We've identified a problem with speculating past <math> or <svg>: When
the tree builder is in foreign content, the tokenization phase works
differently--specifically, the content after <![CDATA[, <script>,
<style>, <title>, <textarea>, <xmp>, <iframe>, <noembed>, <noframes>,
<noscript> and <plaintext> is tokenized differently. However, the
tokenizer can't know when foreign content ends without letting the
tree builder run synchronously. Making <xmp>, <iframe>, <noembed>,
<noframes>, <noscript> and <plaintext> break out of foreign content
wouldn't make the issue go away for the particularly probable cases of
<![CDATA[, <script>, <style>, <title> and <textarea>.

Letting the tree builder run speculatively isn't a good solution,
because it would raise the stakes to throwing away speculative tree
builder output on *any* document.write().
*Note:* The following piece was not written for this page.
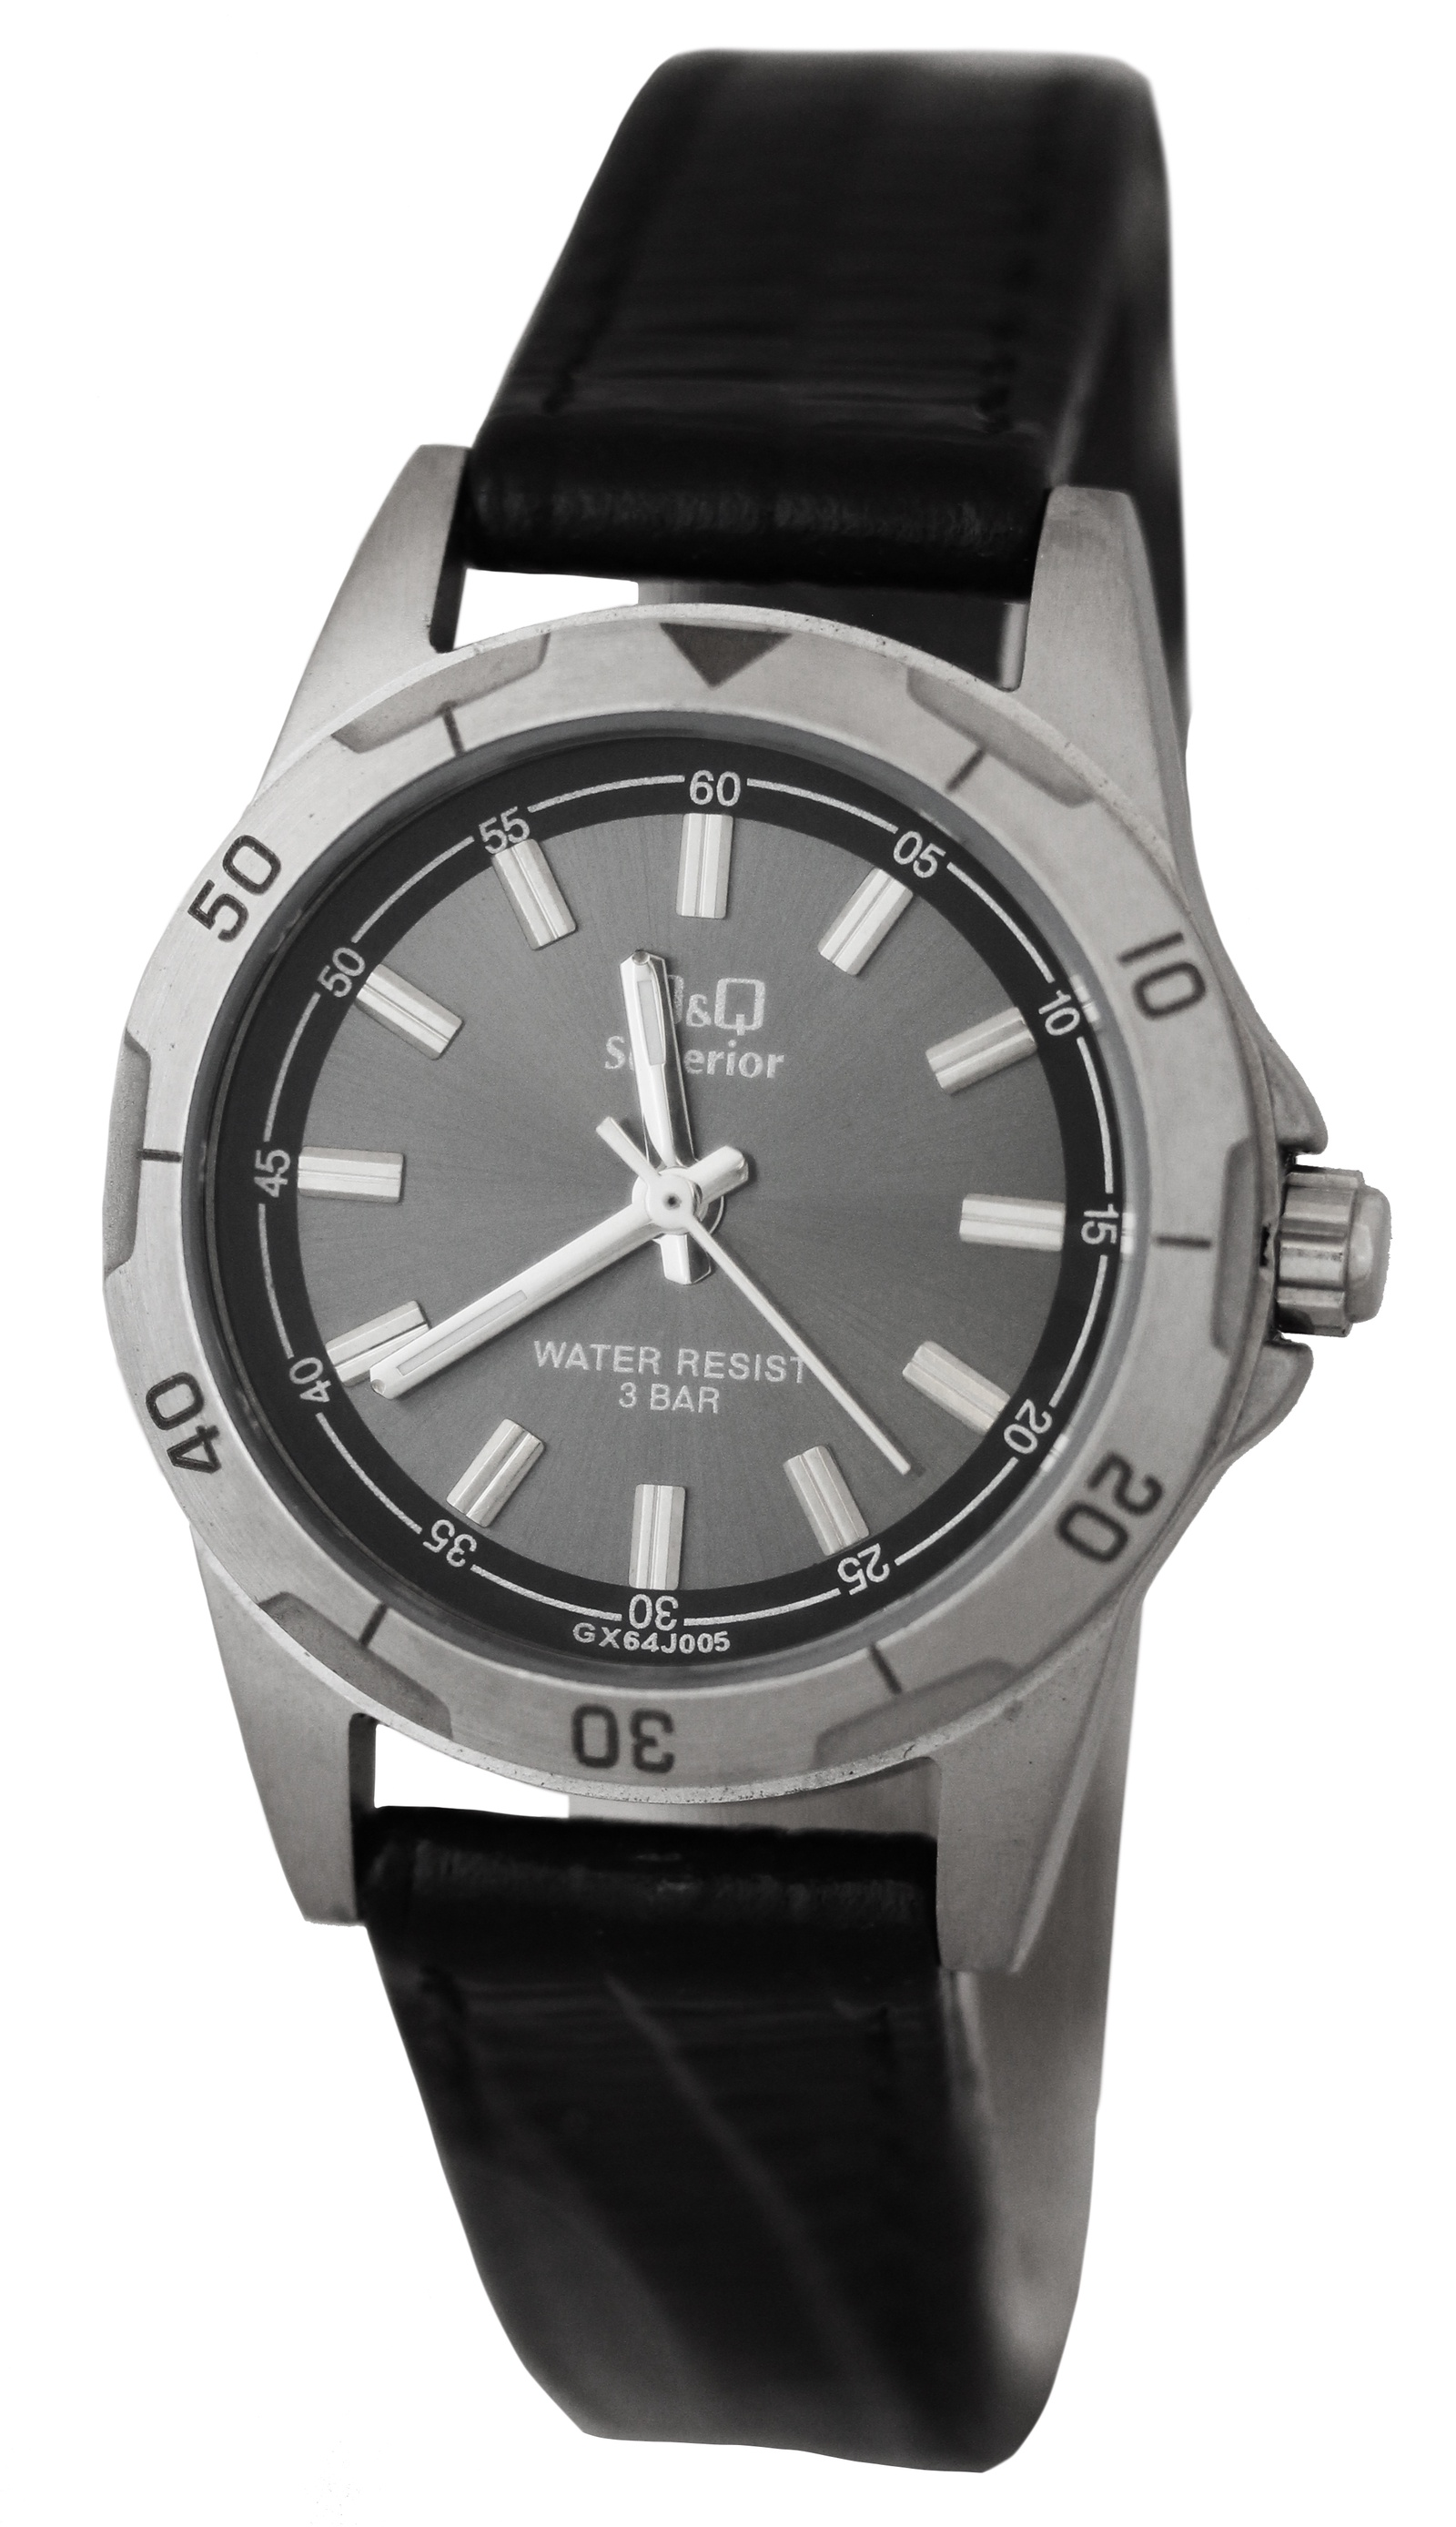 Наручные часы O&Q GX64-005 q and q vp34 005

Making the tree builder exit
foreign content based on simpler rules doesn't appear to be a good
idea due to the very reason why the exiting is now specified the way
it is (for resilience against cargo cult junk).

We haven't come up with a good way to speculate past <![CDATA[,
<script>, <style>, <title>, <textarea>, <xmp>, <iframe>, <noembed>,
<noframes>, <noscript> and <plaintext> when <math> or <svg> has been
seen.

This email doesn't contain a spec change suggestion. Instead, the
purpose of this email is to ask for ideas on how to solve this issue.
Does anyone have ideas on how to deal with this?

--
Henri Sivonen
hsivonen@iki.fi
http://hsivonen.iki.fi/

Received on Wednesday, 10 December 2008 20:03:43 UTC